Anyone for humble pie?

By Roger Protz

- Last updated on GMT

Related tags Jennings Marston Brewing Beer

Protz: humble pie
Protz: humble pie
When Marston's bought Jennings in 2005, many said the Lakeland brewery was doomed. Far from it…

One of my favourite Gershwin songs is called They All Laughed and the clever lyric tells how people scorned the likes of Columbus, the Wright Brothers who built the first plane, and even Hershey and his chocolate bar — who all proved their detractors wrong. It's time for a new verse along the lines of: "They all laughed at Jennings and his brewery, they said Marston's wouldn't let him survive..."

When national giant Marston's added the Lakeland brewery to

its copious portfolio in 2005, the brewing industry agreed with one voice that Jennings would be marked for closure. The reasons were simple, the wiseacres said: "Marston's only wants the pubs. The brands aren't well known and the brewery is too remote, miles from anywhere and too far from the motorway network."

It was a view I went along with. Now, after all the Christmas bingeing, it's good for me to eat some humble pie. Jennings is not only alive and well, but is positively flourishing and glows with the investment Marston's has pumped into the site. The beers can now be found far from Cumbria and are available through Ringwood and Wychwood, other Marston's acquisitions, in the deep south.

Marston's quickly invested a quarter of a million pounds in the Jenning's site. It has since added to that by installing three new fermenting vessels. The site — one of the finest in the country at the confluence of the Cocker and Derwent rivers and at the foot of Cockermouth Castle — now has 15 fermenters and has increased production by 40%.

The dramatic news at the Cocker-mouth brewery is that, despite the repeated claims that real ale is doomed, Jennings is geared to cask beer production. It brews 50,000 barrels a year, it can expand that to 70,000, and 70% of the end product comes in cask form. There are minimal amounts of "smooth flow" while the bottled versions are doing well as a result of national deals with supermarkets: packaged beer now accounts for 15% of production and helps give the brewery national recognition.

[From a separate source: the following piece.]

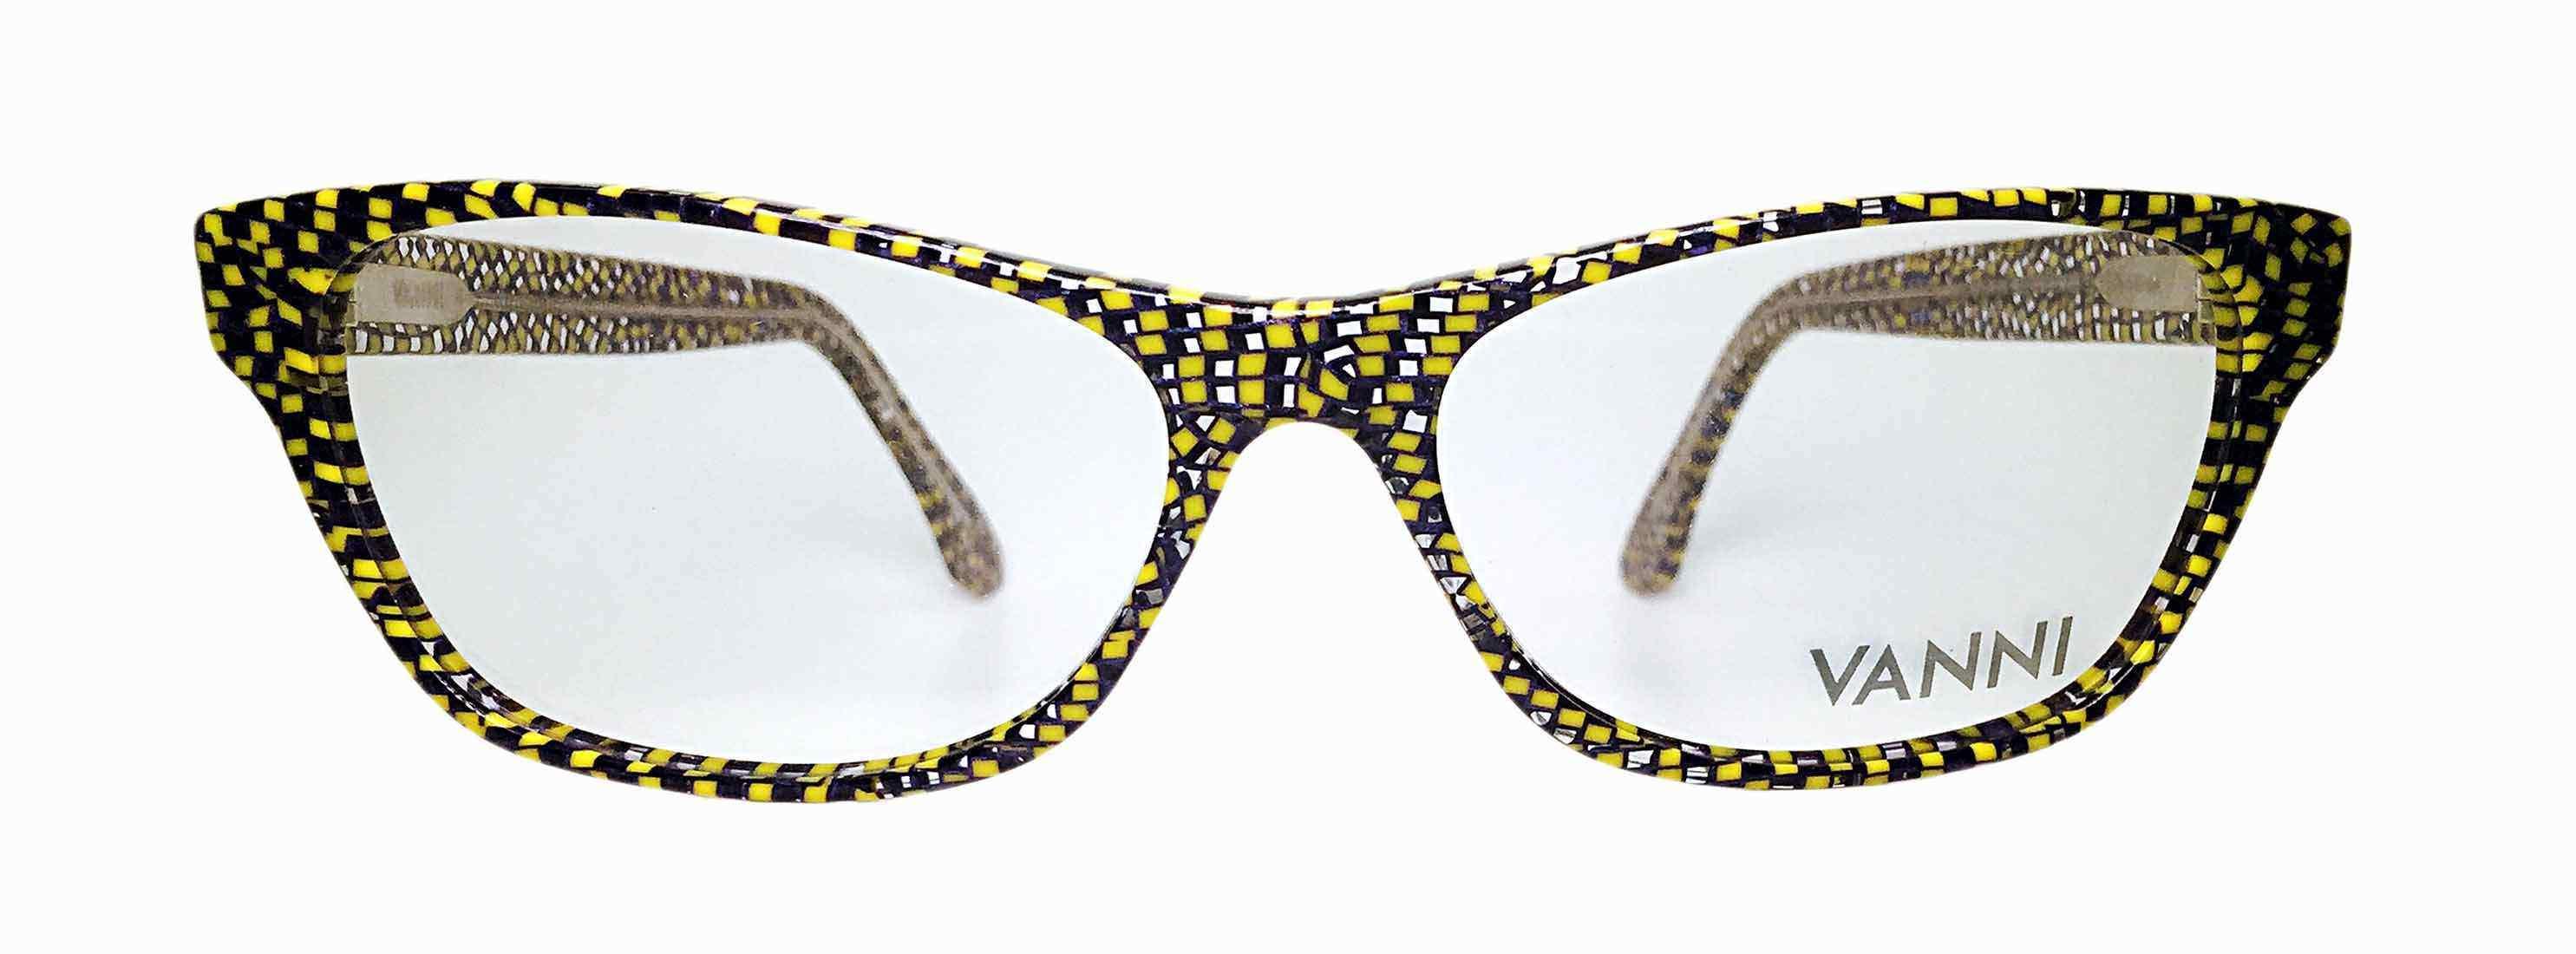 Vanni spectacles 1922 A500 01 2970x1100

It's good to see the brewery surviving and flourishing, as we can't afford to lose companies with such deep roots in our brewing traditions and history. It was founded in 1828 in the village of Lorton and moved to Cockermouth in 1874 to both keep up with demand for its beers and to take advantage of the constant supply of pure, soft Lakeland water that gushed from two boreholes on the site.

Rebecca Adams is the second brewer at Jennings — she learnt her brewing skills with Vaux in Sunderland — and she showed me round a site I have visited on several previous occasions. The cool, whitewashed rooms have stayed the same in some respects — the hop store with whole flower Challenger, Fuggles and Goldings, the malt store with the finest Maris Otter grain — but other areas show the impact of Marston's money.

The ancient mash tun is now a museum piece and has been replaced by a smart new, wood-clad one. Once the sugary extract has been produced, it's pumped up one floor to a large copper, where the boil with hops takes place. The aroma and bitterness of the hops infuses with the sweet wort and the liquid is then clarified in a hop back, cooled and run to the fermenters to allow yeast to develop the alcohol.

It's a flexible plant that can handle short runs of 50 barrels and longer ones of 150 barrels, Rebecca said. The main beers are Cumberland Ale, Jennings Bitter, the succulent bronze ale Cocker Hoop and the porter-style Sneck Lifter. But Jennings now brews as many as a dozen seasonal beers a year, while it bravely still produces a Dark Mild that is in serious decline. It's a wonderfully roasty and surprisingly hoppy version of mild and it bemuses me that people don't want to drink it in greater quantities.

Gaynor Green, Jenning's marketing manager, is delighted to see her beers receiving national recognition through the Marston's chain. But she gets maximum pleasure when she sees them doing so well in the north-west and the north-east.

She worked for Northumbria Inns and joined Jennings when the

Cockermouth company bought the group, which gave it presence in

the north-east with 30 pubs. Jennings now has an estate of 136 in

Lancashire and Yorkshire as well as the far north. They are all tenanted or leased houses — there are no managed outlets.

Gaynor is a pub person to her fingertips. She is never happier than when she is visiting a Jennings pub and says one key reason for the growth in popularity of the

Cockermouth beers is that Cumbria is no longer just a summer haunt for tourists.

"Fewer than half a million people live in Cumbria," she said, "but we get 15 million tourists a year and they now come all year round." The importance of the Marston's link,

she adds, is that visitors discover Jennings beers in the lakes and can then drink them again in other parts of the country: "I call it completing the circle."

I call it good news for the cask beer sector. Against all the industry wisdom, Jennings forges ahead. As the Gershwin brothers put it: "Ho, ho, ho, who's got the last laugh now?"